Gerrit's Blog

06.07.2023

First experiences with DuckDB (and SQL in general after a while)

My first steps with DuckDB

Disclaimer

I never did hardcore SQL in my career. If you are a (PL/)SQL developer please be kind while judging me for the following content ;)

Setup

Install the DuckDB command line https://duckdb.org/docs/installation/index For the example data, I have taken a CSV export from the Garmin activities https://connect.garmin.com/modern/activities I took this one and not GPX/TPX files because I did not want to jump directly into spatial or deeper analytics during my first steps. In case you don't have data stored on the Garmin page, you can take the content from the end of this post and store it in a file called Activities.csv. If you wonder why the CSV just shows a few entries: You need to scroll to the end of the page or at least so far that you get all the data you want to be in the CSV, what an ugly user experience.

Hello DuckDB

In the folder with the CSV file, call duckdb to start be ready to go. First of all let's have a look at the structure of the CSV file.
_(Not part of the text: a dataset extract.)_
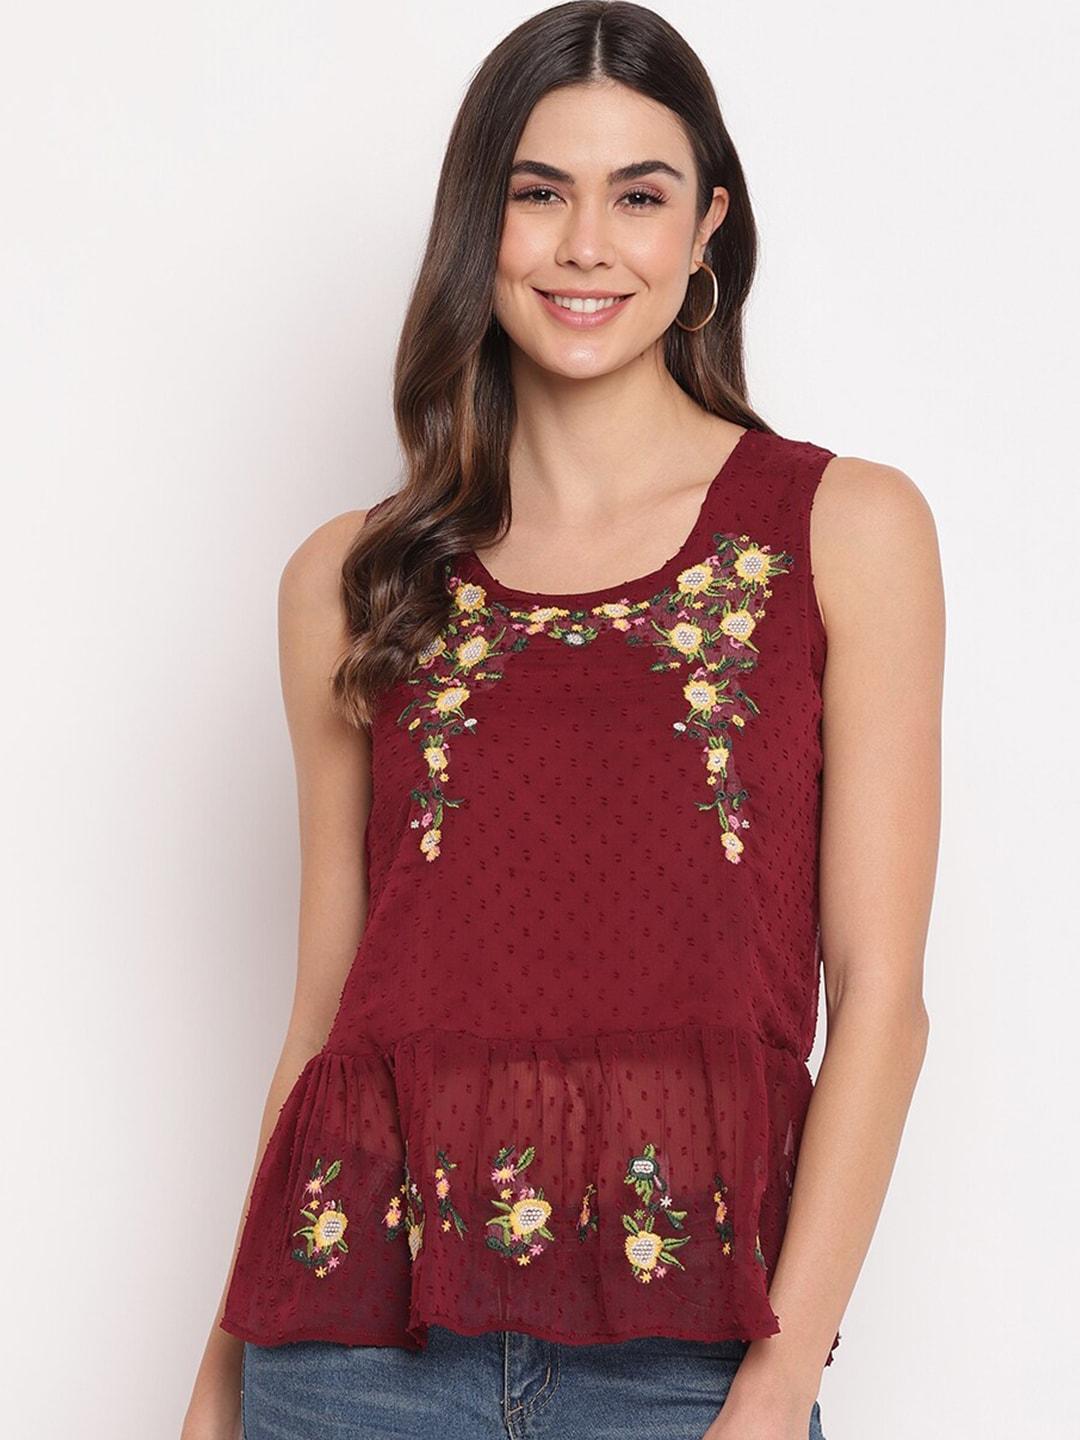 mayra women maroon floral embroidered top

DESCRIBE SELECT * FROM 'Activities.csv';

will give us an overview of the auto-detected types within the CSV file:

column_name column_type null key default extra
Activity Type VARCHAR YES
Date TIMESTAMP YES
Favorite BOOLEAN YES
Title VARCHAR YES
Distance VARCHAR YES
Calories VARCHAR YES
Time TIME YES
Avg HR BIGINT YES
Max HR BIGINT YES
Aerobic TE DOUBLE YES
Avg Cadence VARCHAR YES
Max Cadence VARCHAR YES
Avg Pace VARCHAR YES
Best Pace VARCHAR YES
Total Ascent VARCHAR YES
Total Descent VARCHAR YES
Avg Stride Length DOUBLE YES
Avg Vertical Ratio DOUBLE YES
Avg Vertical Oscillation DOUBLE YES
Avg Ground Contact Time BIGINT YES
Training Stress ScoreĀ® DOUBLE YES
Avg Power BIGINT YES
Max Power BIGINT YES
Grit DOUBLE YES
Flow DOUBLE YES
Total Strokes VARCHAR YES
Avg. Swolf BIGINT YES
Avg Stroke Rate BIGINT YES
Total Reps BIGINT YES
Dive Time VARCHAR YES
Min Temp DOUBLE YES
Surface Interval VARCHAR YES
Decompression VARCHAR YES
Best Lap Time VARCHAR YES
Number of Laps BIGINT YES
Max Temp DOUBLE YES
Avg Resp VARCHAR YES
Min Resp VARCHAR YES
Max Resp VARCHAR YES
Moving Time TIME YES
Elapsed Time TIME YES
Min Elevation VARCHAR YES
Max Elevation VARCHAR YES

Looking at the result, the auto-detection of types does a quite good job. But it is easy to spot that e.g. the elevation columns fall back into a varchar type instead being numeric. This is a problem that will get solved later.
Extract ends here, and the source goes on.